Initially considering the problem using forces makes it much more difficult. You have to use a different technique for the first step.

Reply 191

Original post by Arieisit

Problem 22 **

A wheel consists of a uniform disk of radius

R

, with a circle of radius

R/2

removed as shown. Show the position of the centre of mass is given by

\bar{y} =R/6

and the mass moment of the wheel about the centre of mass is

\frac{37}{72}mR^2

The wheel is released from rest in the position shown. If no slipping occurs between the disk and horizontal, determine the expression for the angular velocity reached by the disk when its kinetic energy is a maximum. Also determine the reaction force between the disc and horizontal surface at that instant.
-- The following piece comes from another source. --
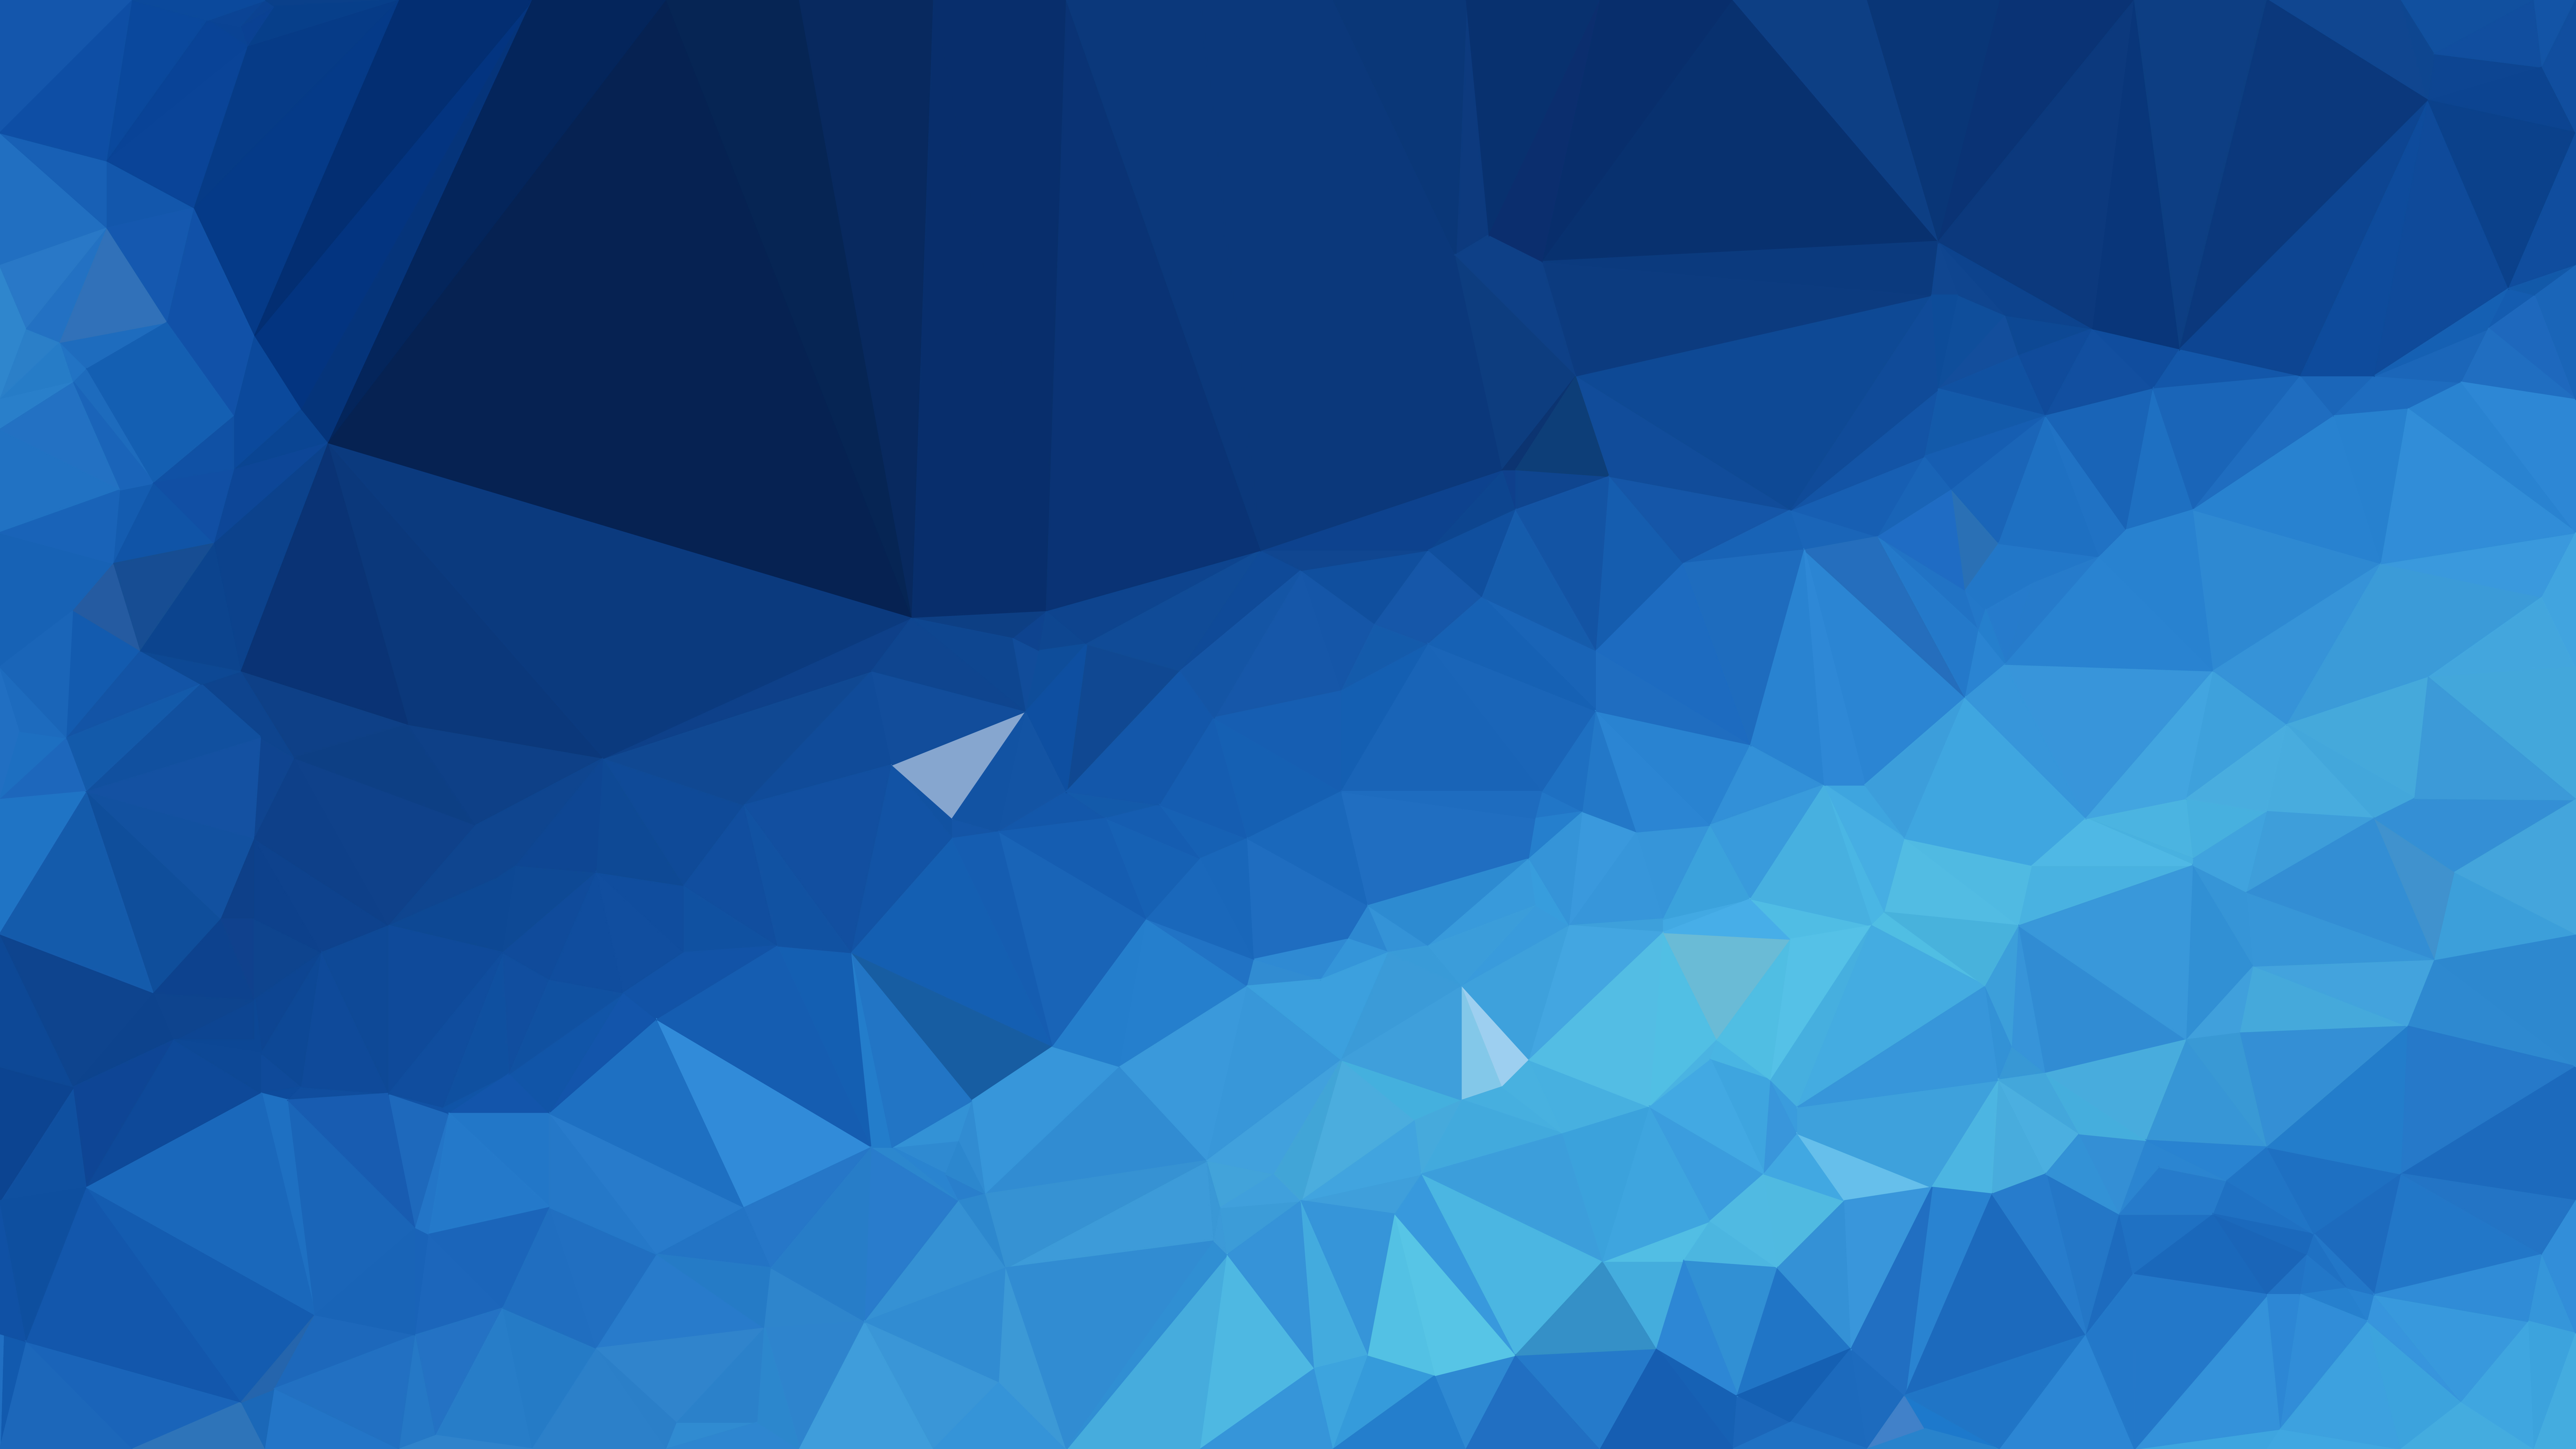 Free Dark Blue Low Poly Abstract Background Design Illustrator

Disc has com (0, 0), Cut-out has com (0, - R/2), Wheel has com (0, y) for y > 0

Area D = πR^2 => Mass D = pπR^2, Area C = πR^2/4 => Mass C = pπR^2/4. So Mass W = (3/4)pπR^2

Take moments about (0, - R):
(3/4)pπR^2(y + R) = pπR^2(R) - pπ(R^2/4)(R/2)
=> (3/4)(y + R) = R - R/8 = 7R/8 => y + R = 7R/6
=> y = R/6 m

Mass W = m => Mass D = 4m/3, Mass C = m/3
About their centres: I_d = (4m/3)(R^2)/2, I_c = 0.5(m/3)(R/2)^2 = (m/3)(R^2)/8

// axis theorem to find I_d, I_c about wheel's com:
I_d = (4m/3)[R^2/2 + (R/6)^2] = (4m/3)(19/36)R^2
I_c = (m/3)[R^2/8 + (2R/3)^2] = (m/3)(1/8 + 4/9)R^2 = (m/3)(41/72)R^2

So I_w = I_d - I_c = (m/3)(76/36 - 41/72)R^2
=> I_w = (m/3)(111/72)R^2
=> I_w = (37/72)mR^2 kgm^2

For KE max and no slip, all GPE max converts to KE (rot) & KE (linear). Rot dist = linear dist => v (linear) = v (rot) => v (linear) = wR.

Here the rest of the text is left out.